Третий день с берега слышались пьяные крики и визг, пахло дымом и шашлыками. Там вовсю праздновали Купалу. Туристы съезжались к бухте возле посёлка Импилахти каждое лето. Димкина бабушка ругалась, что весь берег изгадили, и запрещала соваться близко, чтобы не научили дурному. Димка и не совался. Он тоже не любил туристов. Из-за них приходилось каждый вечер прятаться за кустами, чуть ли не ползком пробираясь по тайной тропке через камни, которые так и норовили вывернуться из-под кроссовок.
В этот раз он всё-таки упал, саданувшись коленом так, что аж искры из глаз посыпались. Джинсы, потёртые на коленях, порвались. Ну и ладно, моднее будут. Димка постоял, растирая ногу, поддёрнул лямки набитого рюкзака и похромал дальше. Тропка вывела прямо к любимому валуну Импи. Сама она стояла в воде, закинув руки за голову. Вся светлая, как белая ночь. Длинная рубашка, вышитая зелеными нитями водорослей, просвечивала насквозь. На голове сказочной короной сиял венок из белых цветов. Димка радостно заулыбался, как всегда, когда видел Импи. Скажи ему кто ещё месяц назад, что он подружится с настоящей русалкой – на смех бы поднял.

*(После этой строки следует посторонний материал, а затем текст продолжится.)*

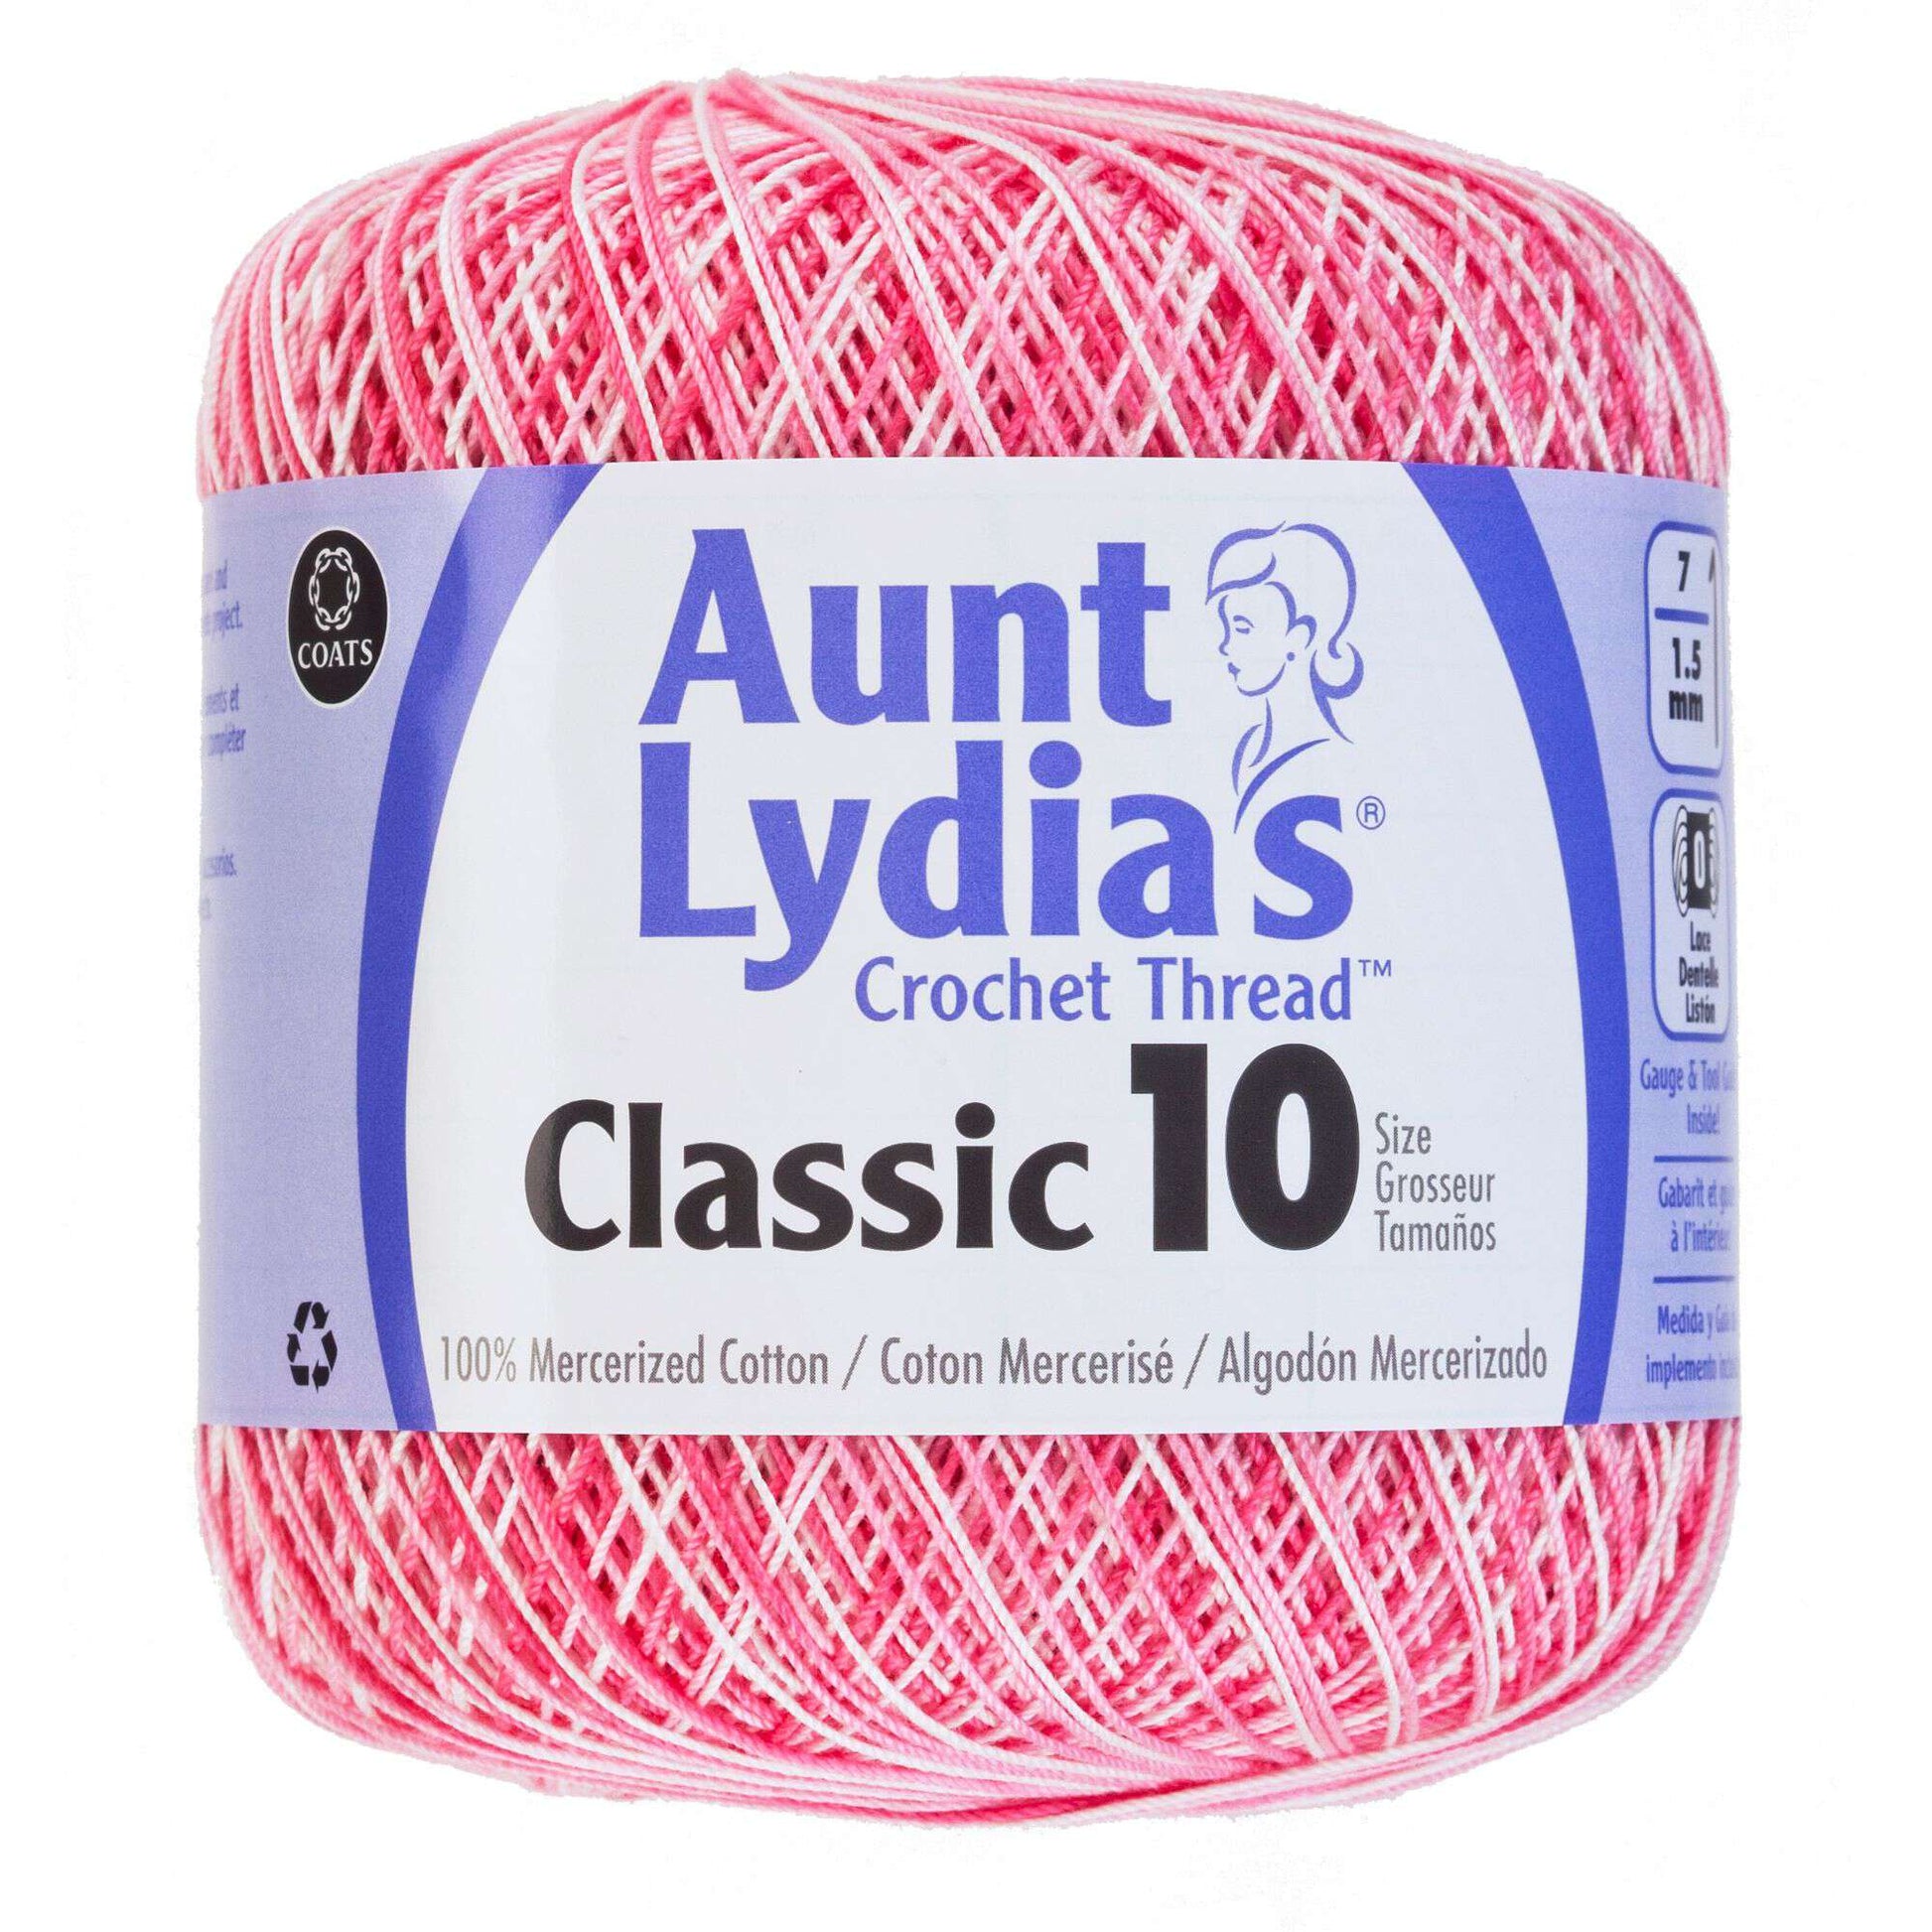 Aunt Lydia's Classic Crochet Thread Size 10 Shaded Pinks
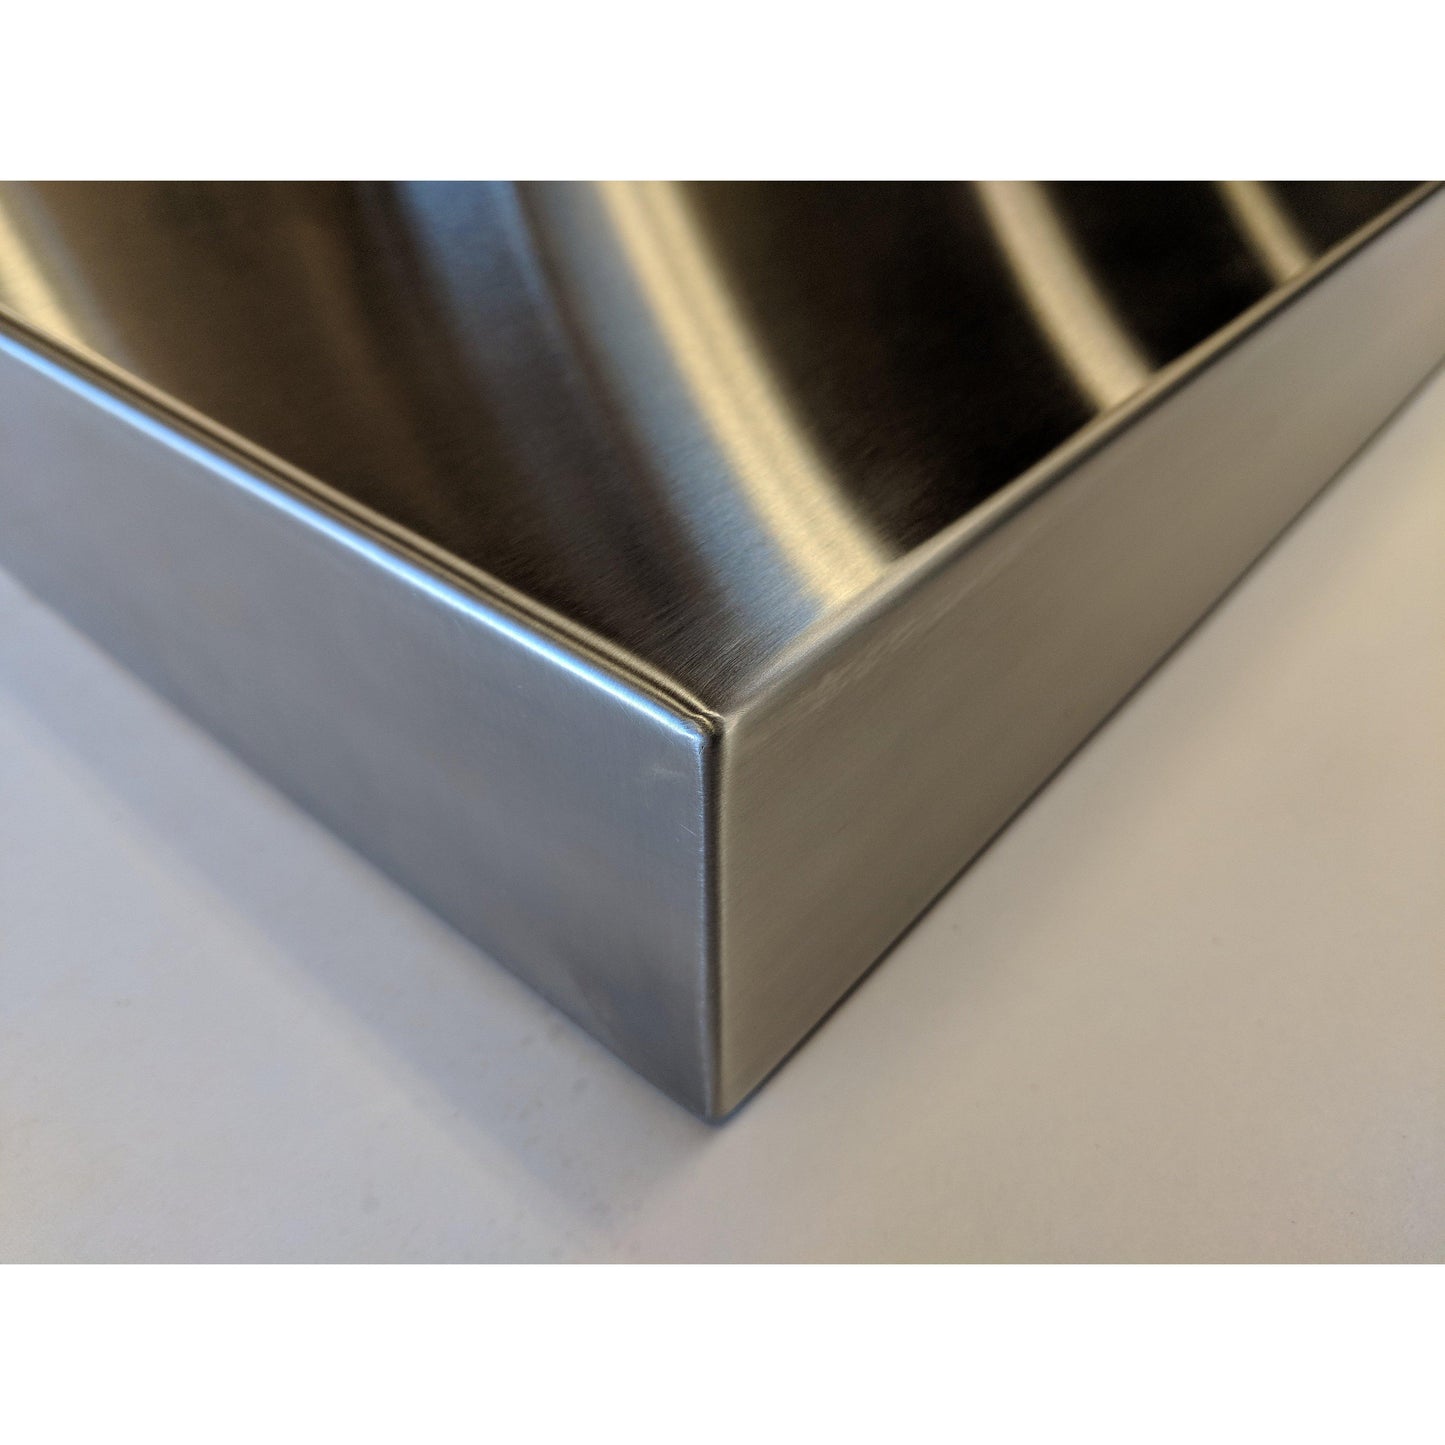 Stainless Steel Floating Shelf for Kitchen

– Ты пришёл! – Импи обернулась.
– Ага, – Димка сбросил рюкзак. – Привет. Я хлеб принёс и сыр, как ты просила.
– А молоко забыл?
– Держи, – он вытащил из бокового кармана рюкзака дедушкину фляжку.
Импи потянулась к ней и вдруг отдёрнула руку.
– Ты раньше в бутылке приносил.
– Да все бутылки разобрали. Бабка туристов ругает, а сама им молоко продаёт. А что не так с фляжкой-то? Я её вымыл, – в доказательство своих слов он отвинтил крышку и отхлебнул, хотя не любил молоко.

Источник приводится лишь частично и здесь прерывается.